Crystallographic data (excluding structure factors) for the structural analysis has been deposited with the Cambridge Crystallographic Data Centre, Nos. CCDC 867592 (1), 867593 (2, room temperature) and 867594 (2, 130(1) K). Copies of this information may be obtained free of charge from: The Director, CCDC, 12 Union Road, Cambridge, CB2 1EZ, UK. Fax: +44(1223)336-033, e-mail: deposit@ccdc.cam.ac.uk, or www: www.ccdc.cam.ac.uk.

4. Conclusions

The crystal structures of two 2-amino-3-aroyl thiophenes, potential allosteric enhancers at the human A1 adenosine receptor, were determined by means of X-ray diffraction.
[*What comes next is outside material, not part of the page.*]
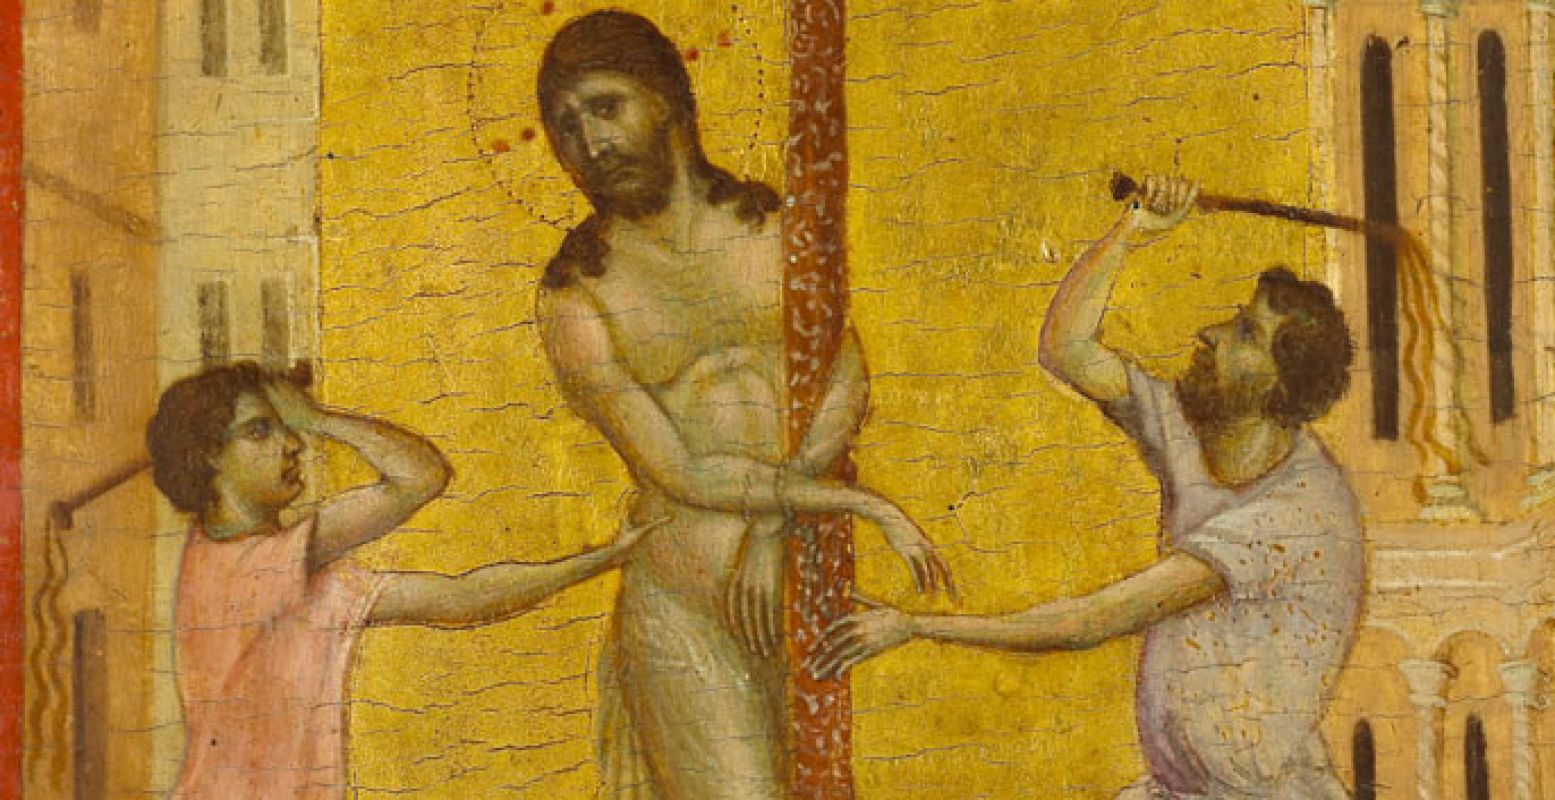 Cimabue (ca. 1240-ca. 1302) De geseling van Christus, ca. 1280 Paneel, 24,8 x 20 cm The Frick Collection, New York; foto Michael Bodycomb

In both molecules, intramolecular N–H···O hydrogen bonds close approximately planar six-membered rings, roughly (in case of 1) or almost perfectly (2) coplanar with the thiophene ring plane. The intermolecular N–H···O hydrogen bonds connect molecules in infinite chains along the approximately 10 Å long unit cell axis.

Acknowledgments

ASD thanks the University of Mysore for research facilities. We thank R. L. Fine Chem., Bengaluru, for the gift samples of the title compounds.

Conflict of Interest

The authors declare no conflict of interest.